→ **WHAT NEEDS TO BE DONE**
Reproduce the listing below exactly, except for its pictures.

→ **DATA EXCERPT**
* * * *

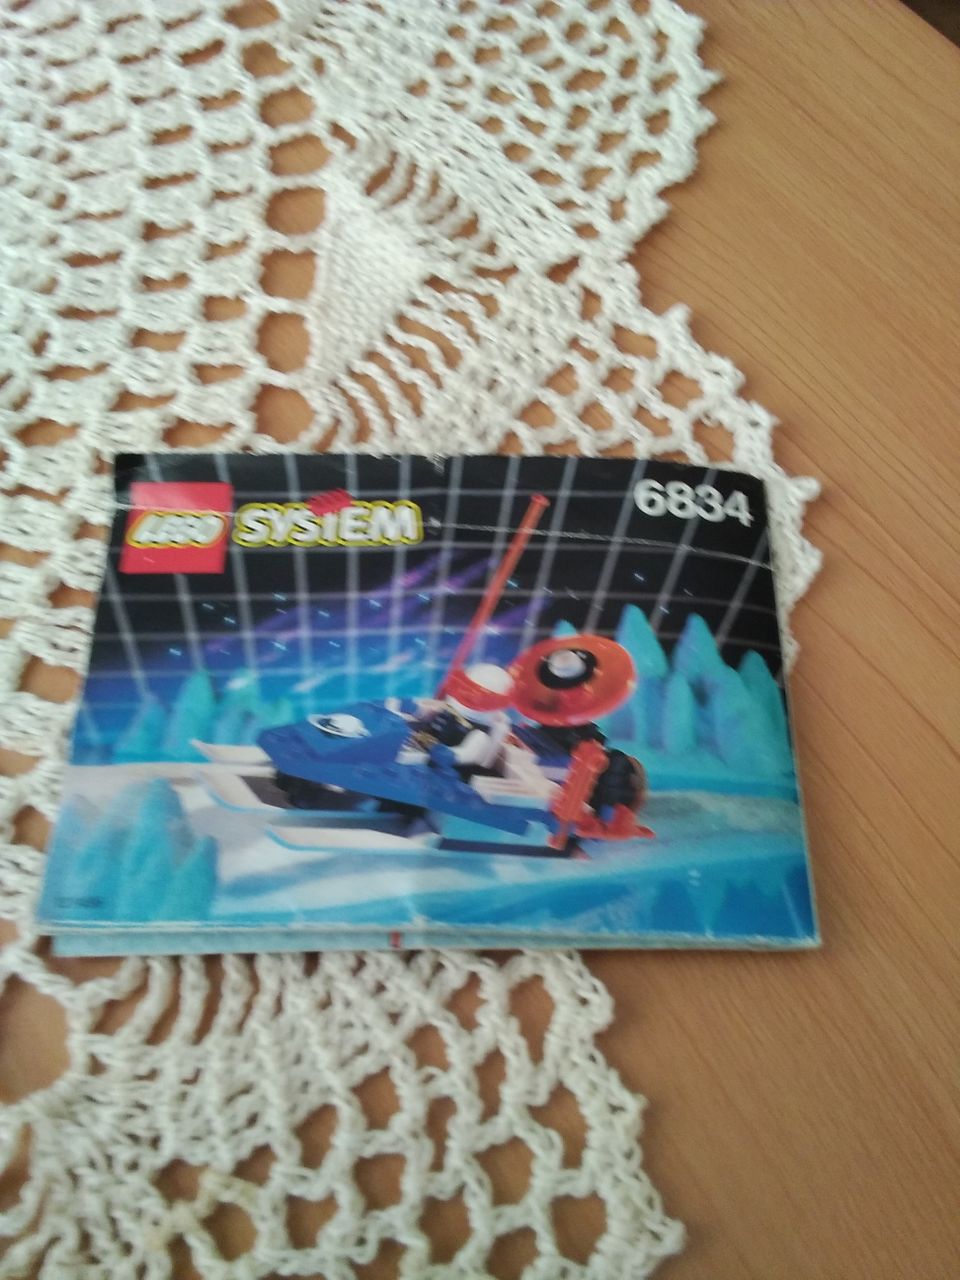 Lego avaruusjuttu celestial cled vuosi 1993
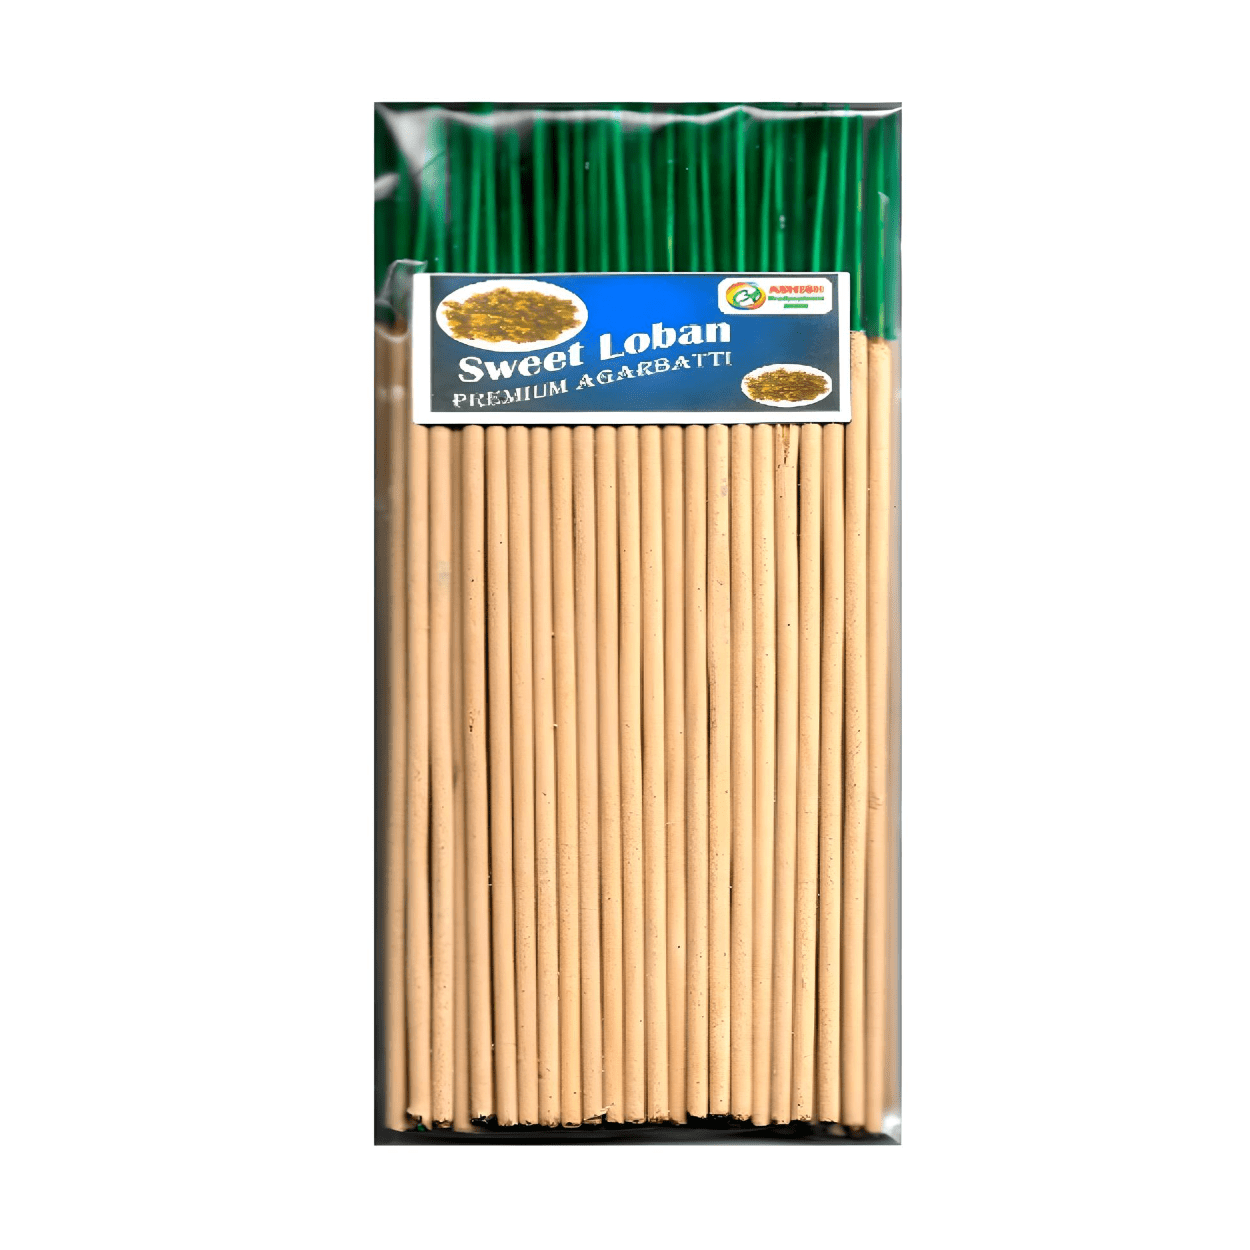 Sweet Loban Agarbatti Incense Sticks
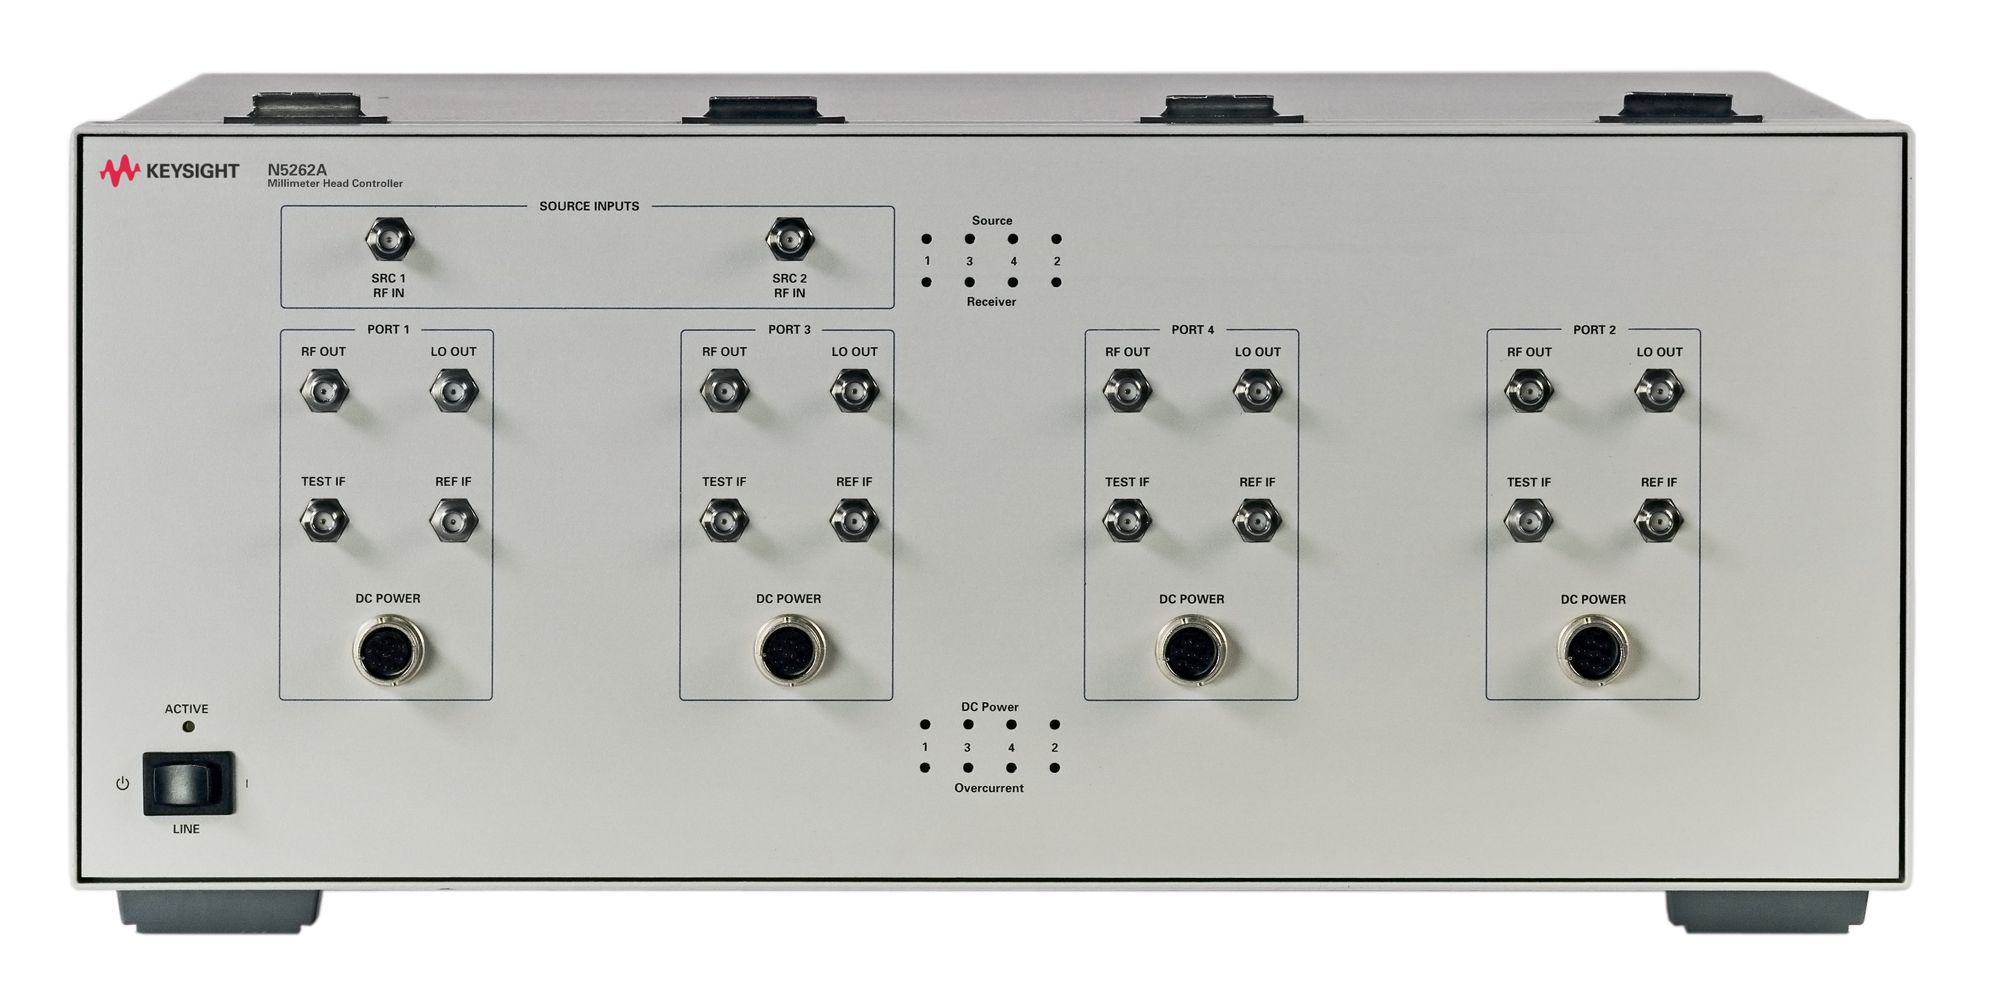 N5262A-104 - Keysight (Agilent) Millimeter-Wave Controller

* * * *

→ **RESPONSE**
 Lego avaruusjuttu celestial cled vuosi 1993
 Sweet Loban Agarbatti Incense Sticks
 N5262A-104 - Keysight (Agilent) Millimeter-Wave Controller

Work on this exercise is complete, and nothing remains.